We then examined if the R15B^{414-713, KATA} fragment could enable dephosphorylation of the otherwise dephosphorylation-incompetent P-eIF2-eIF2B complex. We subjected immunopurified R15B^{414-713, KATA} complexes to phosphatase treatment followed by SEC. Notably, the SEC profile of the phosphatase-treated eluate was almost identical to that of the untreated R15B^{414-713, KATA} eluate (Fig. 5, F and G). However, dephosphorylation of the large R15B^{414-713, KATA}-P-eIF2-eIF2B complex was effective (Fig. 5, H and I). In contrast, the small complex was not dephosphorylated (Fig. 5J). Thus, R15B^{414-713, KATA} enables P-eIF2 dephosphorylation on eIF2B.

We next generated a series of C-terminal deletions of R15B and assessed their ability to enable dephosphorylation of P-eIF2 on eIF2B (Fig. 5, K and L and fig. S8 C to E), incorporating the KATA mutation where necessary (Fig. 5K). Dephosphorylation of the large R15B-P-eIF2-eIF2B complex progressively decreased upon deletion of the C-terminus of R15B (Fig. 5L and fig. S8 C to E). As observed with R15B^{414-713, KATA}, the small complex was not dephosphorylated in the different conditions (Fig. 5M and fig. S8 B to E). Thus, the C-terminal region of R15B is required for dephosphorylation of P-eIF2 on eIF2B.

We next examined the fate of dephosphorylated eIF2. We expected that dephosphorylation of P-eIF2 bound to eIF2B would release eIF2. However, the abundance of the small complex did not increase after dephosphorylation on the large complex in the SEC profile (Fig. 5F and fig. S8 B to E), indicating that dephosphorylated eIF2 did not permanently dissociate from eIF2B. Furthermore, R15B also remained largely bound to the eIF2-eIF2B complex after dephosphorylation (Fig. 5, G and N). We wondered if dephosphorylation changed the conformation of the complex and turned to single particle cryo-EM 2D classification. All the 2D classes of untreated R15B^{414-713, KATA}-P-eIF2-eIF2B complexes displayed the raised conformation (Fig. 5O), similar to R15B^411-511-P-eIF2-eIF2B complexes (Fig. 4H). This confirmed that untreated R15B^{414-713, KATA}-P-eIF2-eIF2B complexes were in the inhibited state (Fig. 5O). Remarkably, the 2D classes of the phosphatase-treated R15B^{414-713, KATA}-P-eIF2-eIF2B complexes were all in catalytic conformation (Fig. 5O). Thus, phosphatase treatments switched the R15B^{414-713, KATA}-P-eIF2-eIF2B complexes from the inhibited to the catalytic conformation. This indicates that dephosphorylation of eIF2 released it from the inhibitory site and allowed its transfer to a catalytic site. Thus, R15B renders P-S52 of eIF2α accessible to dephosphorylation on the eIF2B complex, thereby rescuing eIF2B from P-eIF2 inhibition.

Discussion

The dynamic and reversible phosphorylation of eIF2α, also known as ISR, has been studied for several decades (1, 2) but its termination has remained elusive. All the prior work focused on free P-eIF2 as the substrate of its phosphatases. Here we show that R15B binds to a P-eIF2-eIF2B complex and enables dephosphorylation of P-eIF2 on eIF2B, thereby rescuing both eIF2 and eIF2B for translation (fig. S9).

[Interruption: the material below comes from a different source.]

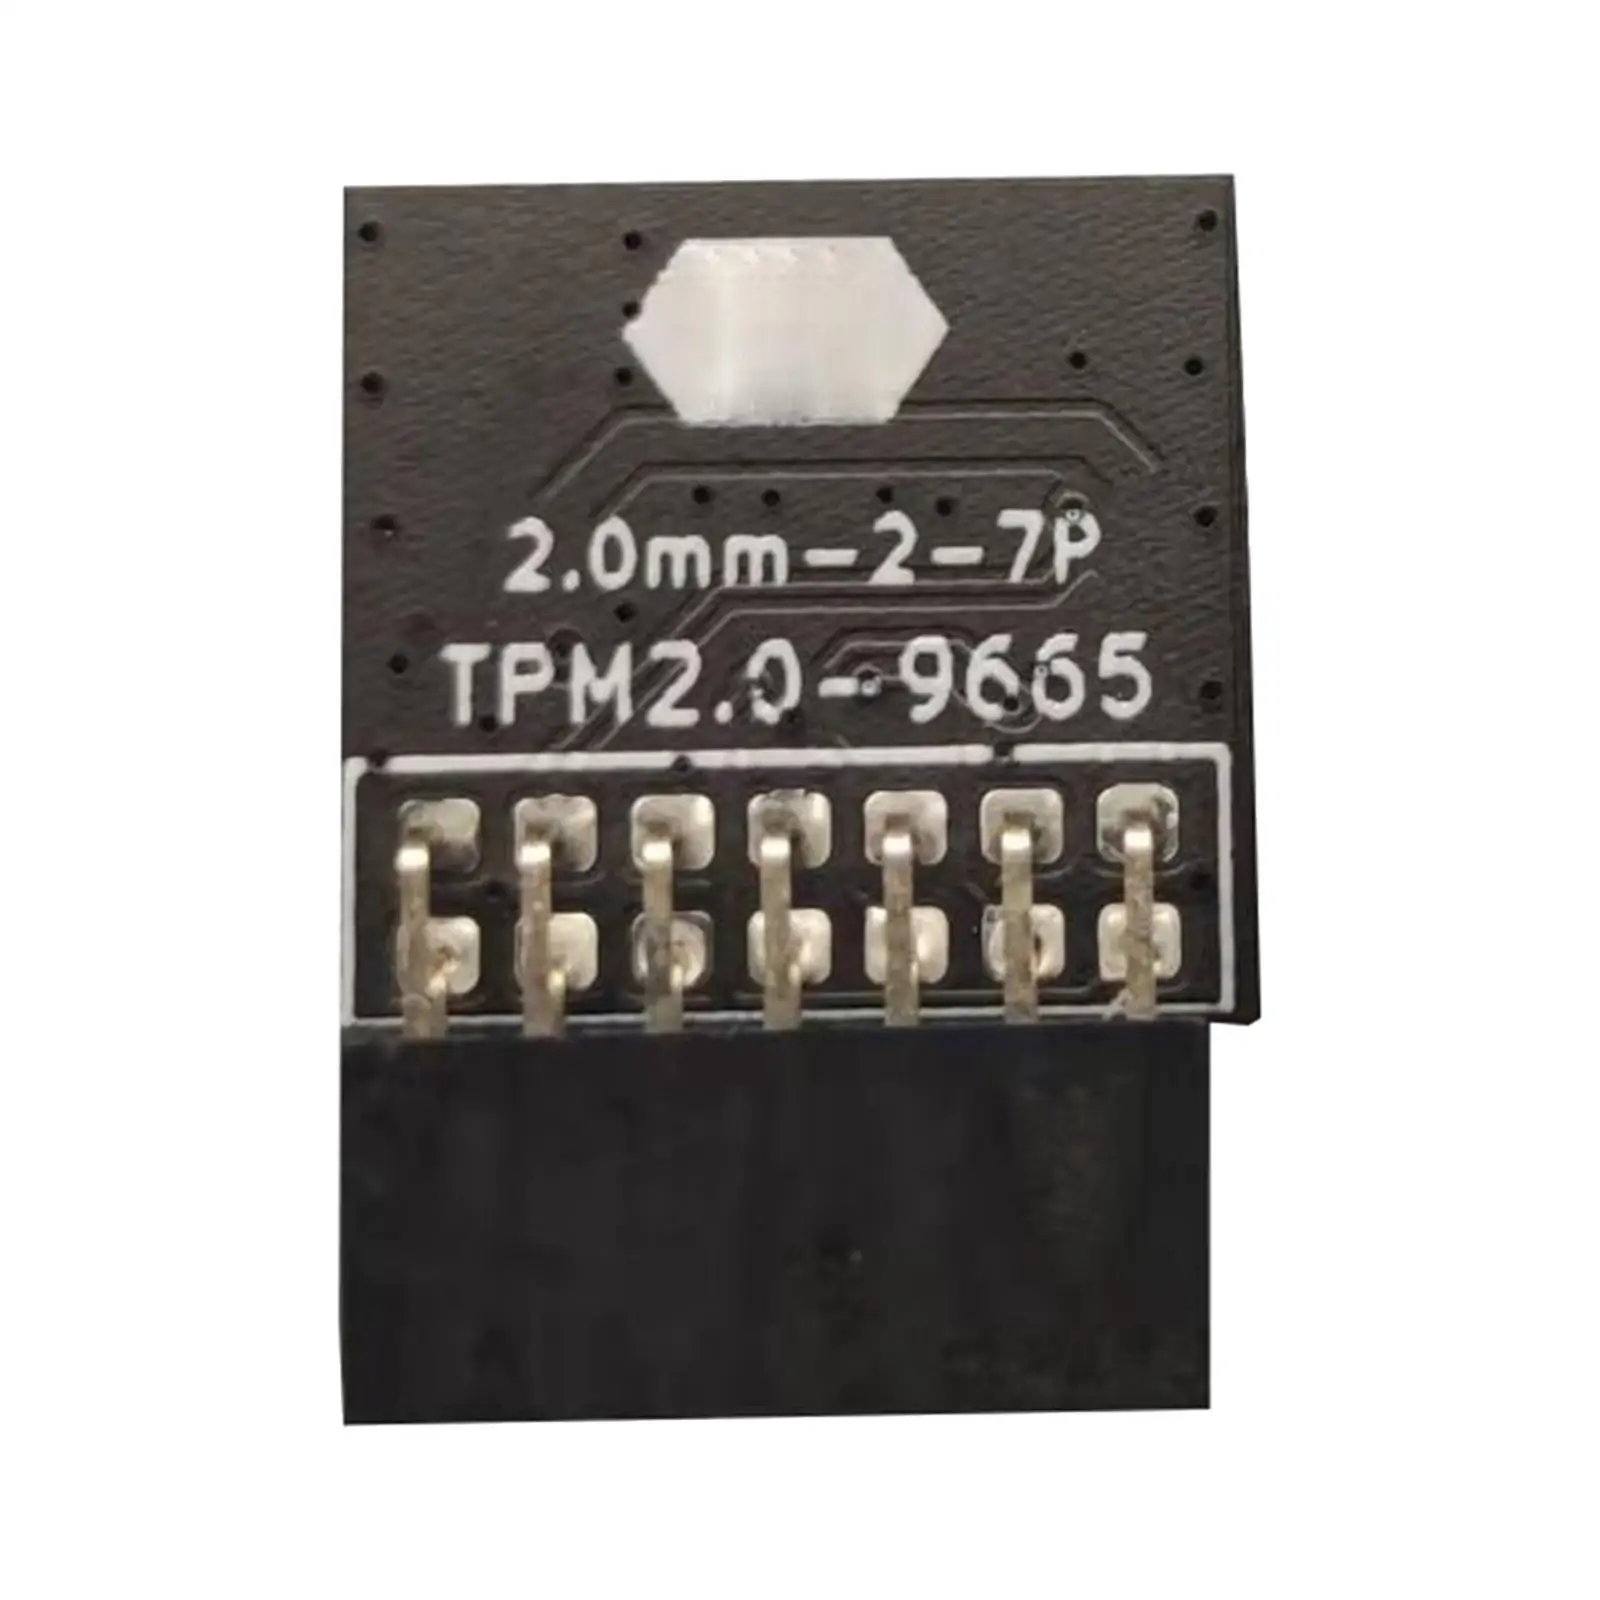 Lpc Tpm 2.0 Module Board Encryption Cryptographic Processor Metal Remote Card for Gigabyte for ASUS for Windows 11 for MSI
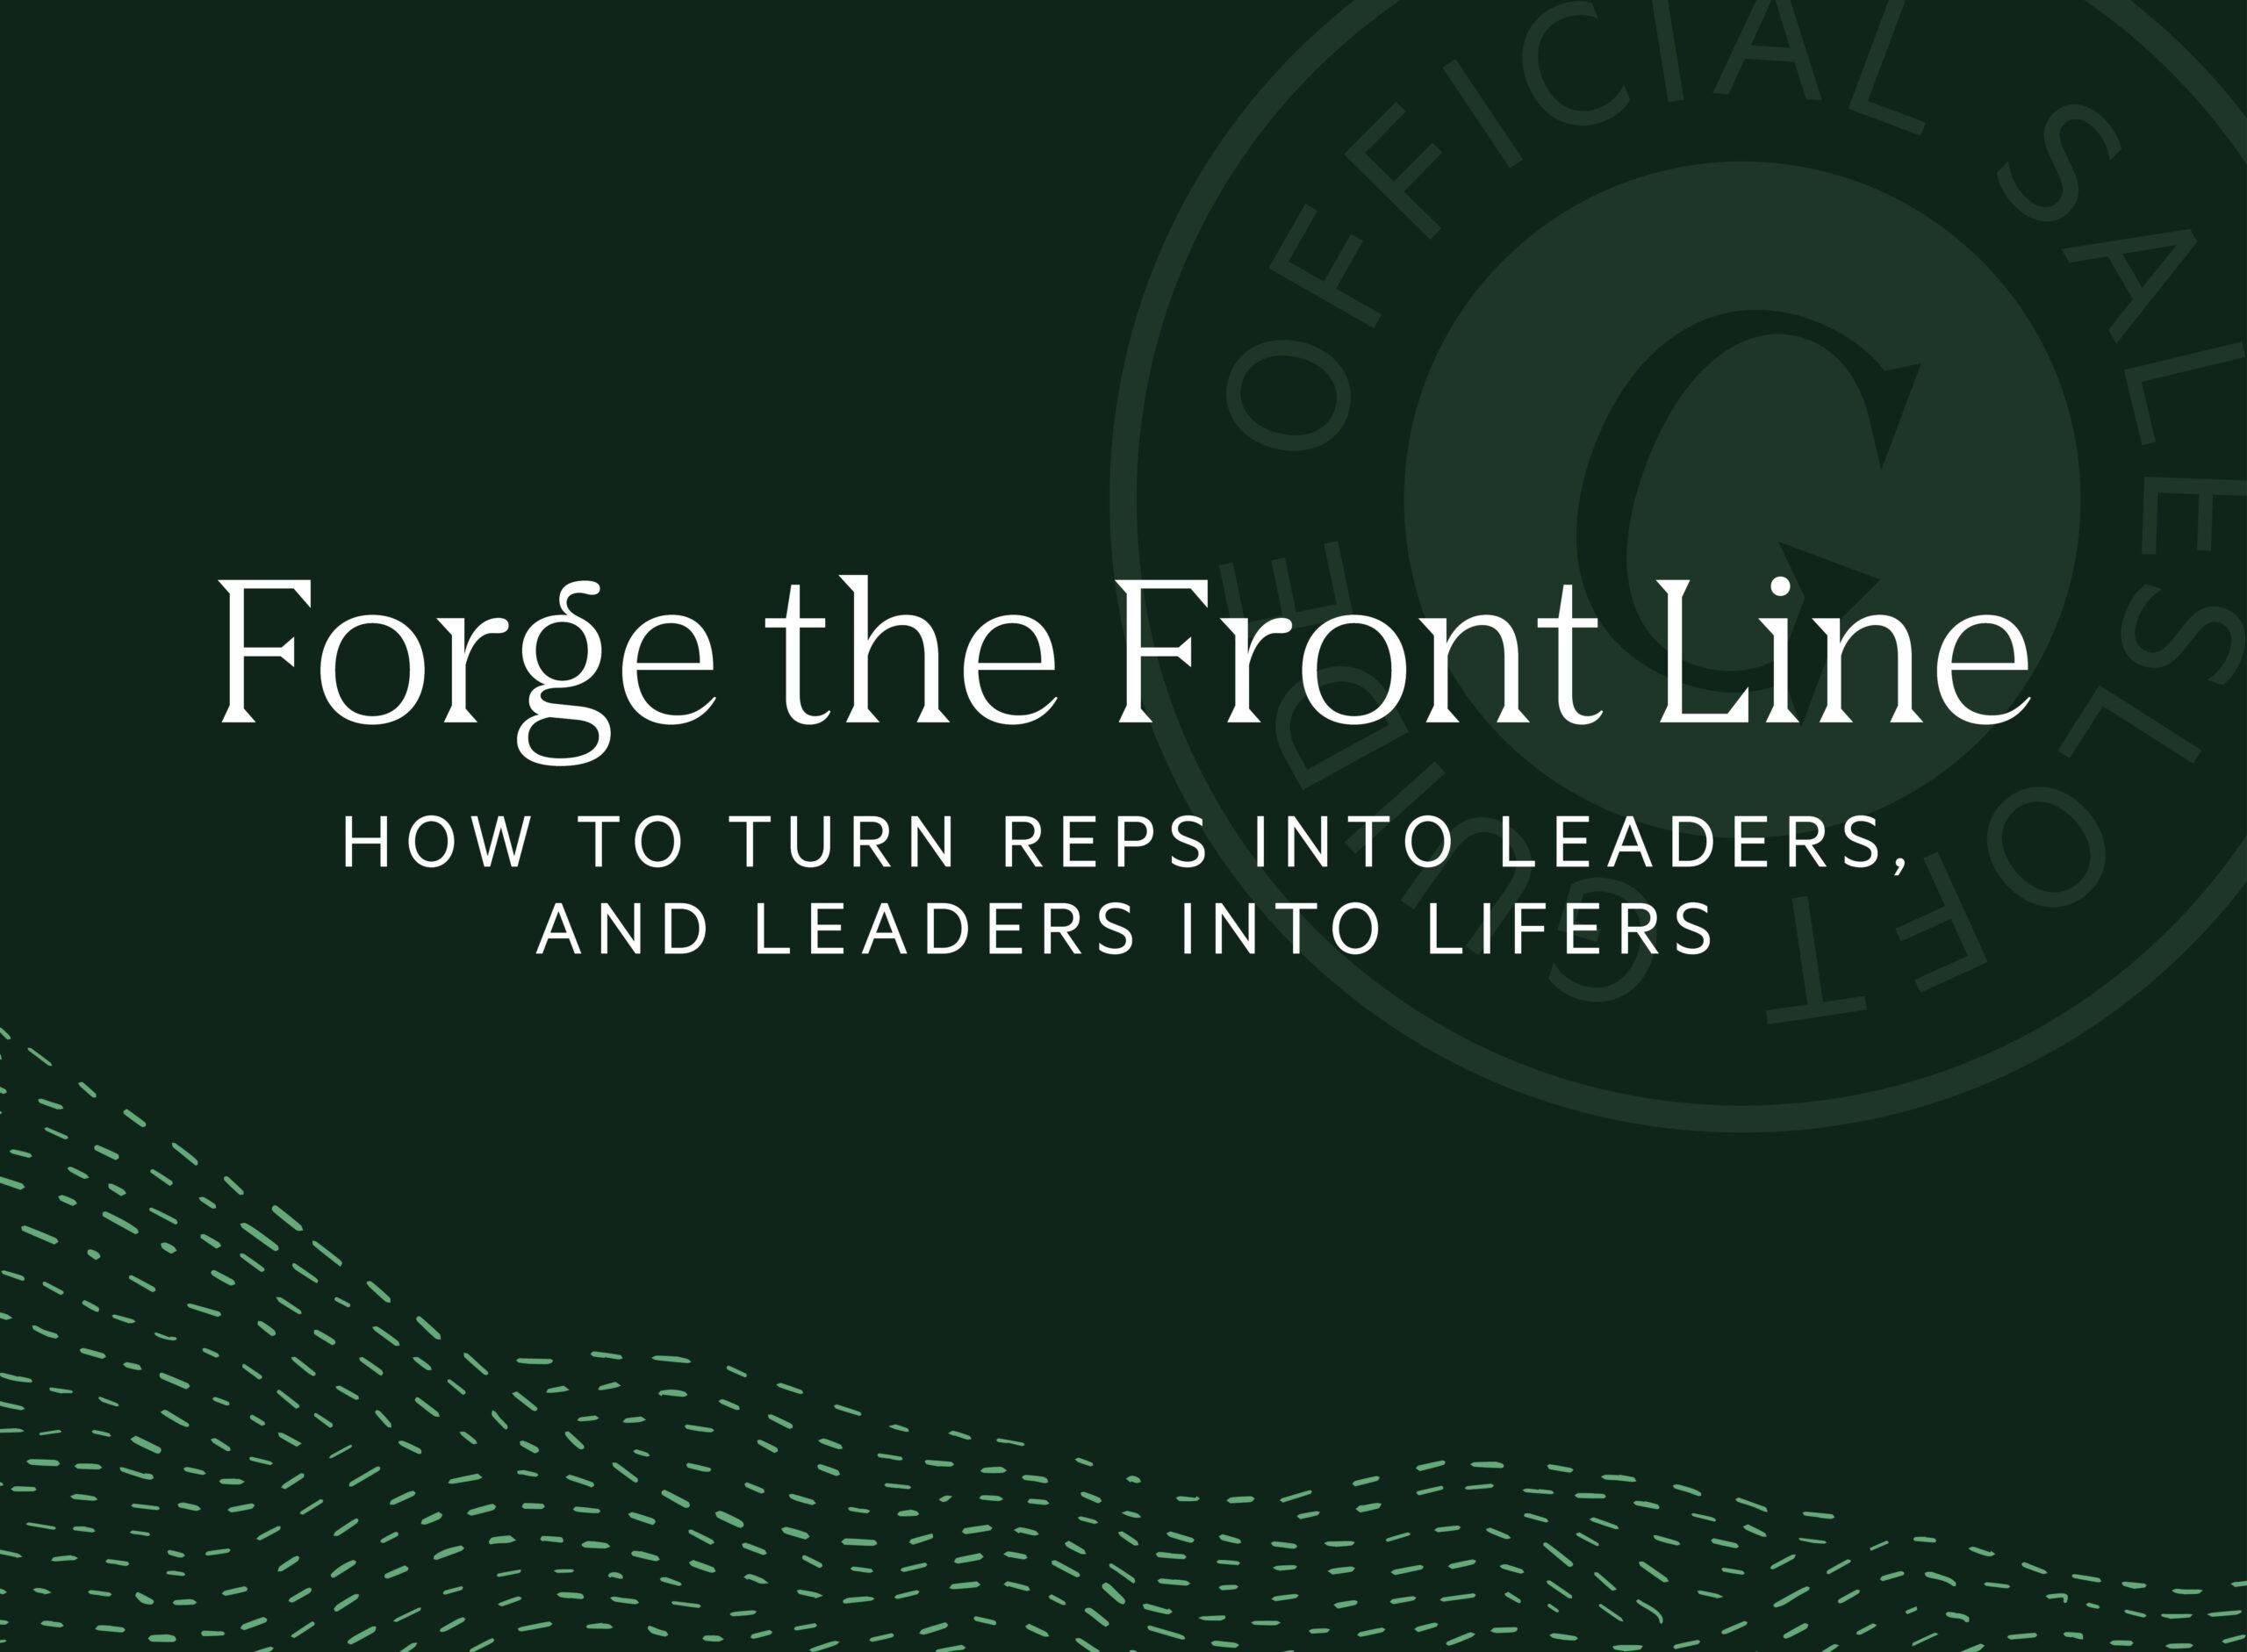 "Turn reps into leaders and leaders into lifers"

Structural analyses of R15B bound to P-eIF2-eIF2B complexes revealed that R15B^411-511 not only contacts P-eIF2, but also engages eIF2B directly, forming a tether between eIF2γ and eIF2Bγ to position P-eIF2 in a raised conformation on eIF2B. In addition to recruiting the substrate, we show here that R15B enables its dephosphorylation on eIF2B. This is carried out by R15B’s C-terminus, probably by inducing a conformational change that leads to the exposure of otherwise inaccessible P-S52 in eIF2α. Thus, R15B fulfills two important functions in addition to recruiting PP1: It recruits the substrate and primes it for dephosphorylation.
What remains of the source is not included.